Tom was my mom's brother, but there weren't that many years that separated us, so he was more like my big brother than an uncle. Why he was my chaperone that day I can't remember — he was probably only 13 or 14 himself. But there we were sitting in the bleachers waiting for them to call my name to start swimming lessons. I was feeling nervous, but it wouldn't have done any good to tell Tom that. He sure wasn't going to reassure me. He would just jab a finger in my rib cage or taunt me with scaredy-cat faces.
Because this was small-town Arizona, the summer swimming lessons were led by the high school football coach — a man with an unusual amount of authority and a round, big, bald head and matching stomach. He was barking instructions in polyester coach shorts and flip-flops, a whistle hanging around his neck.

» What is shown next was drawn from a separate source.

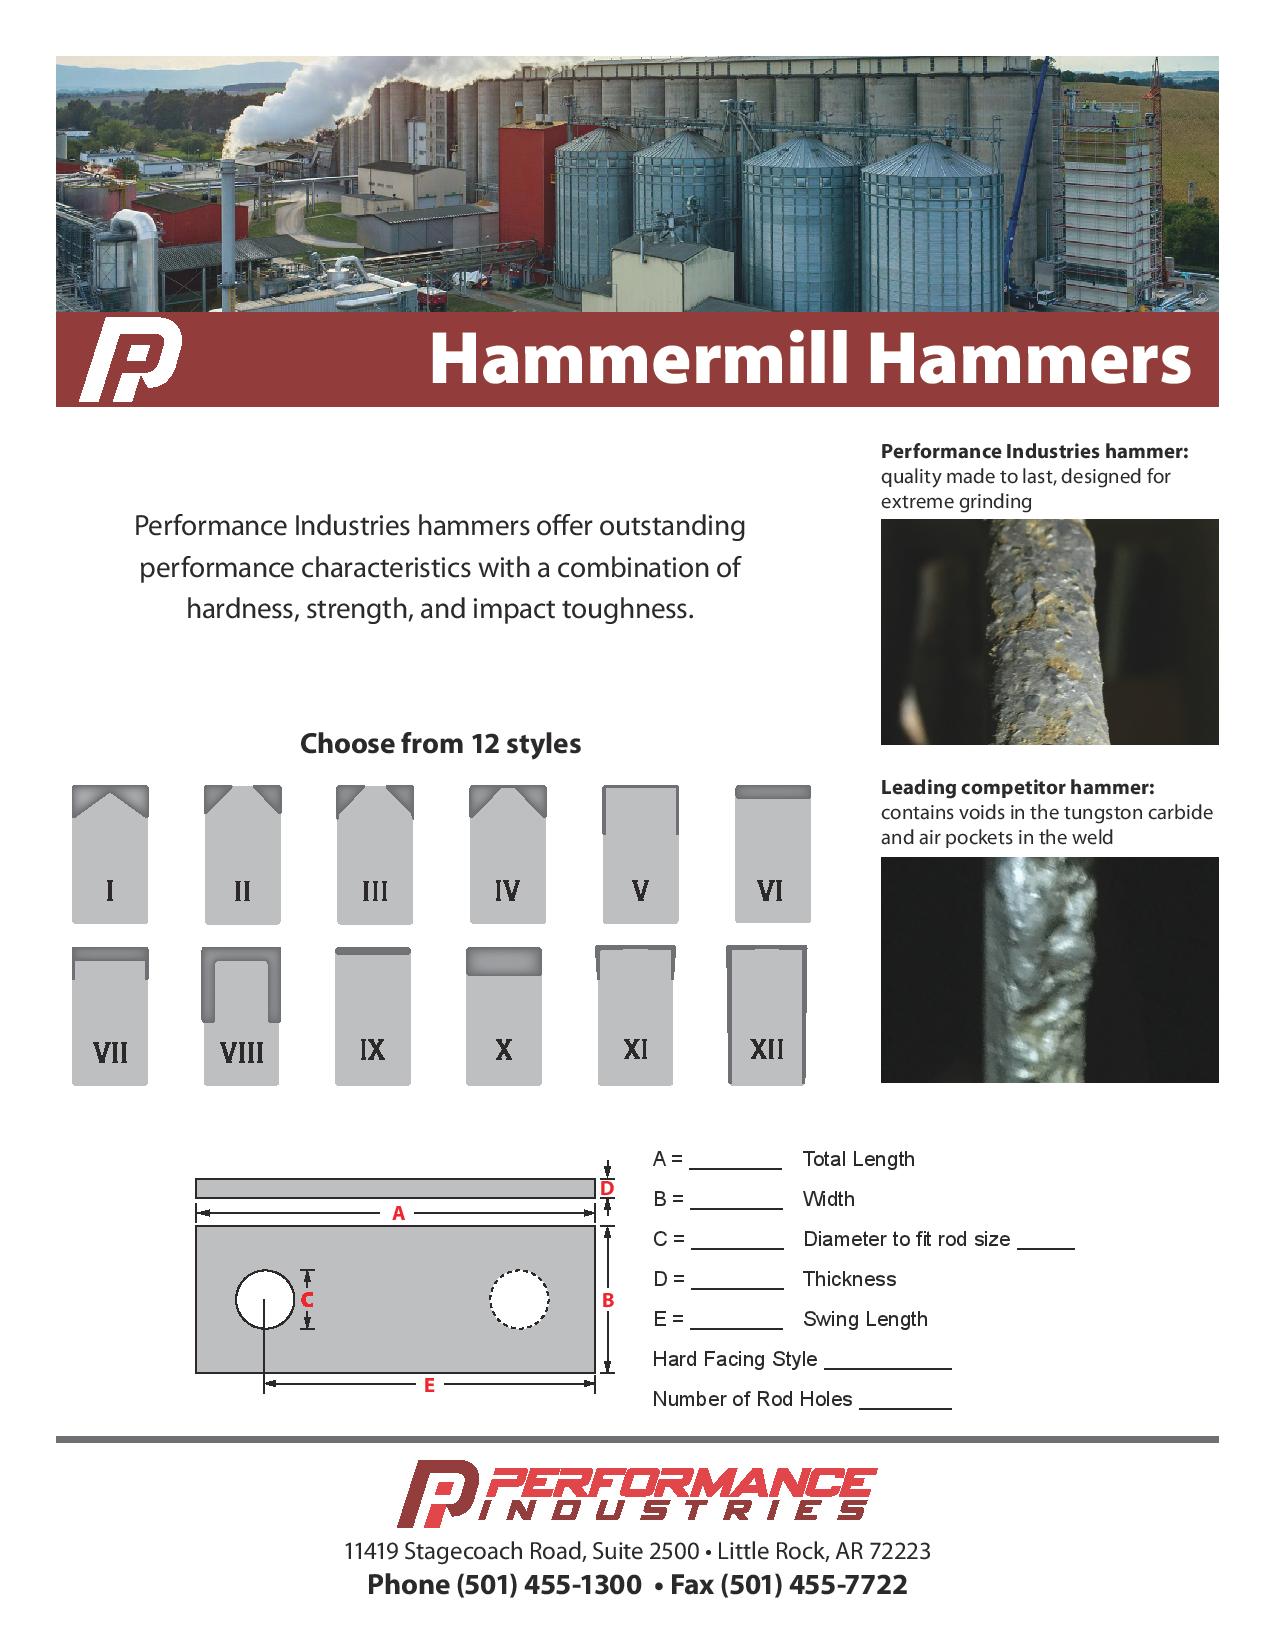 Hammer Hardfacing Styles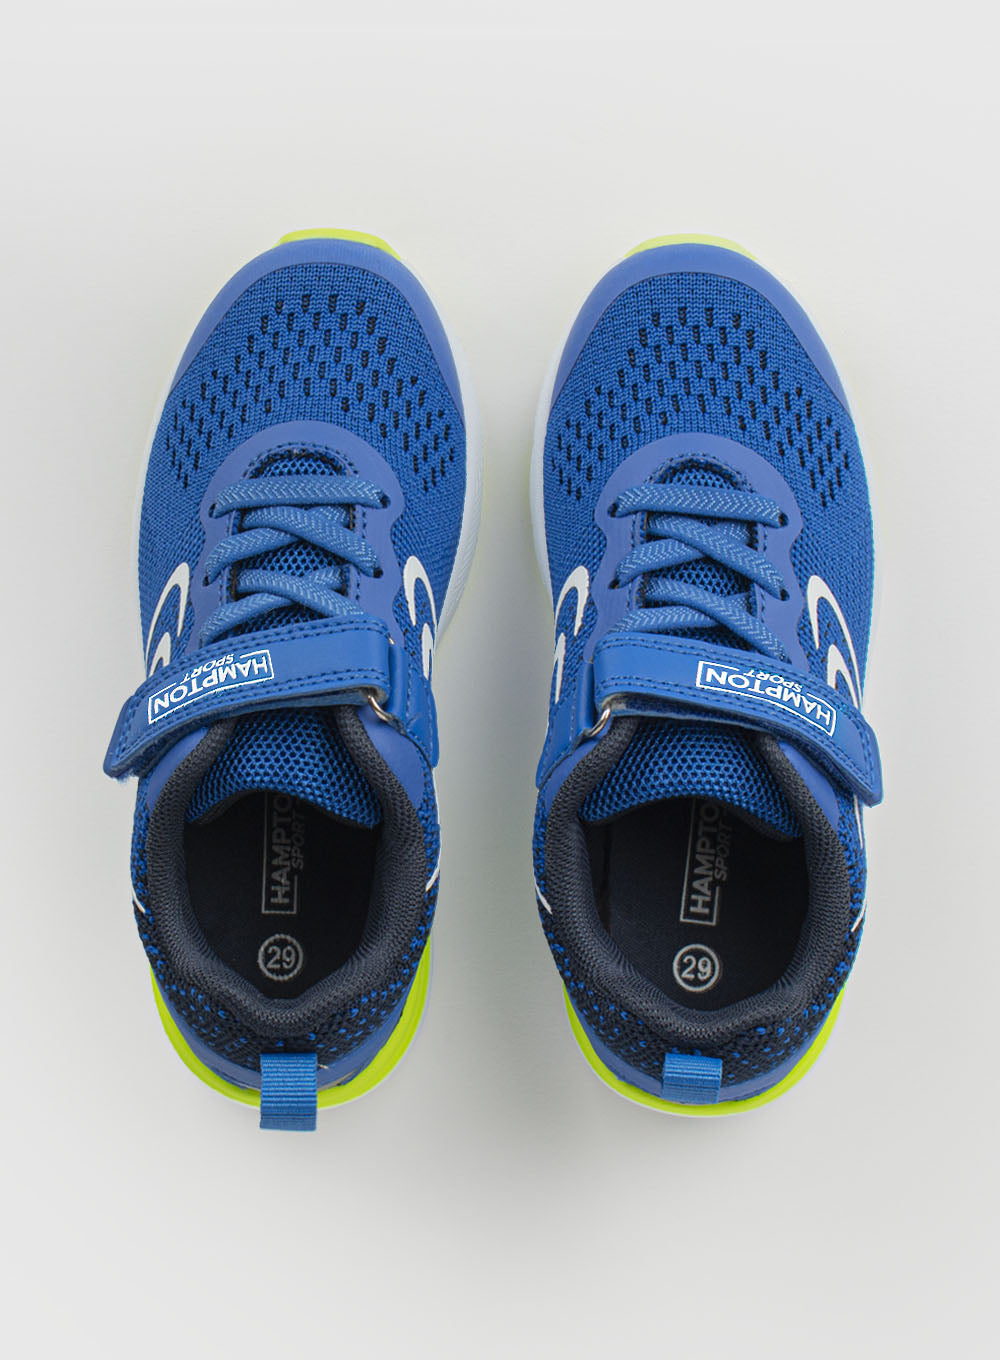 Hampton Sport Bolt Sneakers in Royal Blue

The coach stood on a stepstool behind a chain-link fence on the other side of the bleachers and started calling out names of kids, checking them off on a clipboard and telling them to head to the shower room to get ready for class. I was squinting in the sun waiting for my name to be called, butterflies in my stomach. Then, at full volume, he yelled out, "SALIVA PETERSON." At that age, I didn't even know that saliva means spit, but I knew it couldn't be good because Tom had nearly fallen off the back of the bleachers from laughing so hard. So much for slipping through unnoticed.
Funny enough, as an adult, I'm okay with my name. Despite being the running joke of my life, I think it has certainly given me a slightly different perspective than I might otherwise have had. You would not be the first, nor the 25th, person to ask me if I would like to get high. No, I do not have a sister named Cannabis, or Indica, or Sensimilla, or Mary Jane. I do not know whether my parents were literally high when they decided to name me. Do you know whether your parents were in some way stoned when they decided to name you? They were probably high on something — merlot, religious fervor, romantic idealism?
But one thing's for sure, it could have been worse. Sativa sure rolls off the tongue a lot more beautifully than lysergic acid diethylamide.